Strategic priorities and future vision

• Focus on driving the 'simple switch' to the insurance-based billing model in the U.S. to increase utilization and EBITDA, with community oncology groups as a key target for adoption.

• Launch of new products, including an updated cooling cap and cap cover, as well as the commercialization of both alopecia and neuropathy products, aiming to establish a multi-product portfolio and expand beyond scalp cooling.

• Continued investment in operational excellence, automation, and process improvements to support growth and improve efficiency, including a move to a new 30,000 sq ft facility in 2027.

• Emphasis on clinical excellence and R&D, maintaining leadership in clinical data and research for both scalp cooling and peripheral neuropathy, and leveraging strong relationships with key opinion leaders and advocacy groups.

• Commitment to patient impact and equitable access, with less than 1% of eligible patients currently reached, and ongoing efforts to expand access and improve quality of life for cancer patients globally.

Commercialization and reimbursement strategy

• U.S. market remains the primary focus, with a clear strategy to launch the neuropathy product using CPT-3 codes and an insurance-based billing model to reduce patient burden and accelerate adoption.

• Early CPT-3 code application for the new product, aiming for full commercialization by January 2027, with a soft launch in late 2026 and ongoing engagement with payers to set appropriate reimbursement rates.

• Lessons learned from scalp cooling commercialization are being applied, including early engagement with reimbursement consultants, payer interviews, and a focus on value-based pricing.

• Expansion into select international markets (UK, Germany, Singapore) will follow, with business models adapted to local healthcare systems and reimbursement structures.

• Ongoing legislative and guideline efforts in the U.S. to mandate coverage for scalp cooling and, by extension, future products, with state-level bills and strong advocacy support.

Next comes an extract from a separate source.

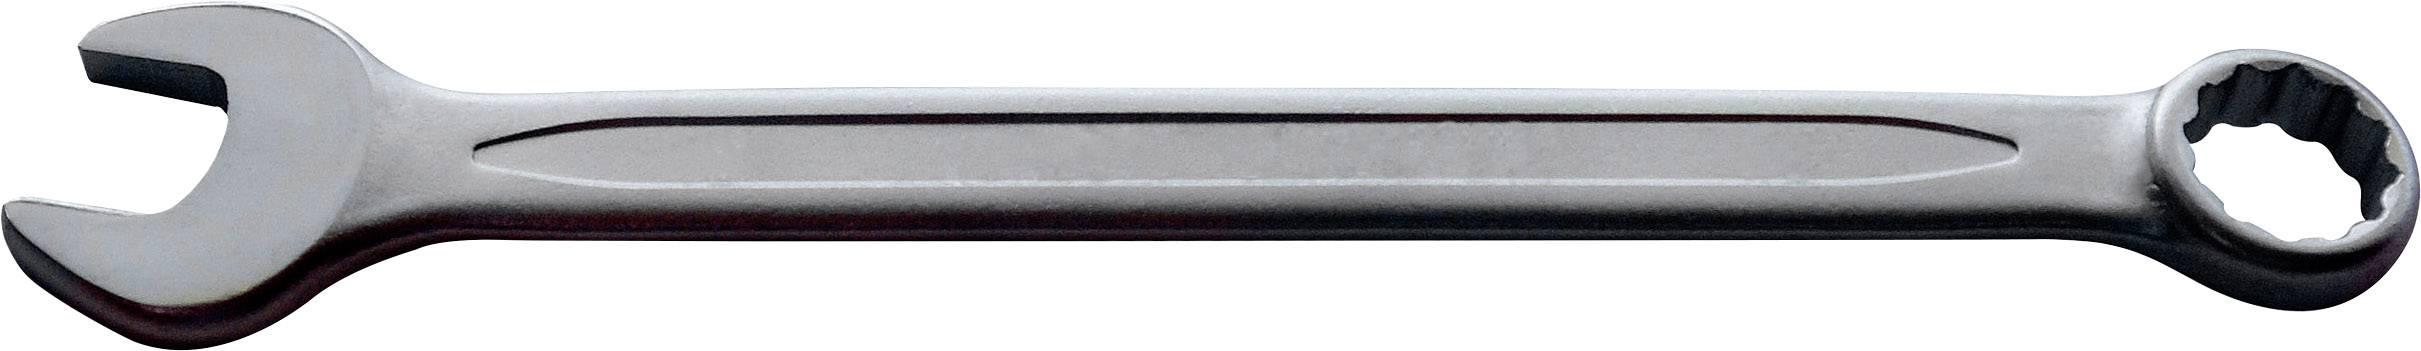 Očkoplochý kľúč/e TOOLCRAFT 820836, 13 mm

Product development and clinical data

• The new cryocompression device for chemotherapy-induced peripheral neuropathy (CIPN) has completed key regulatory and safety testing, with FDA and European submissions targeted for December and device clearance expected by April 2026.

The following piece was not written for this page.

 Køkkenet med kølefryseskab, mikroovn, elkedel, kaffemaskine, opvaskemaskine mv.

• Clinical trials in Singapore and the U.S. (including a 777-patient phase III study) show promising efficacy and safety, with only 2.5%-3% of patients developing grade 2 neuropathy compared to 30%-40% historically.

• The device is designed for user-centricity, with feedback from patients and nurses driving improvements in usability, comfort, and workflow integration.

• The product addresses a significant unmet need, with high prevalence and cost burden of CIPN, and is positioned for higher pricing and reimbursement than scalp cooling due to its economic impact.

• Strong demand and interest from existing clinical networks, with early adoption anticipated in current scalp cooling centers and ongoing expansion of clinical evidence to support broader indications.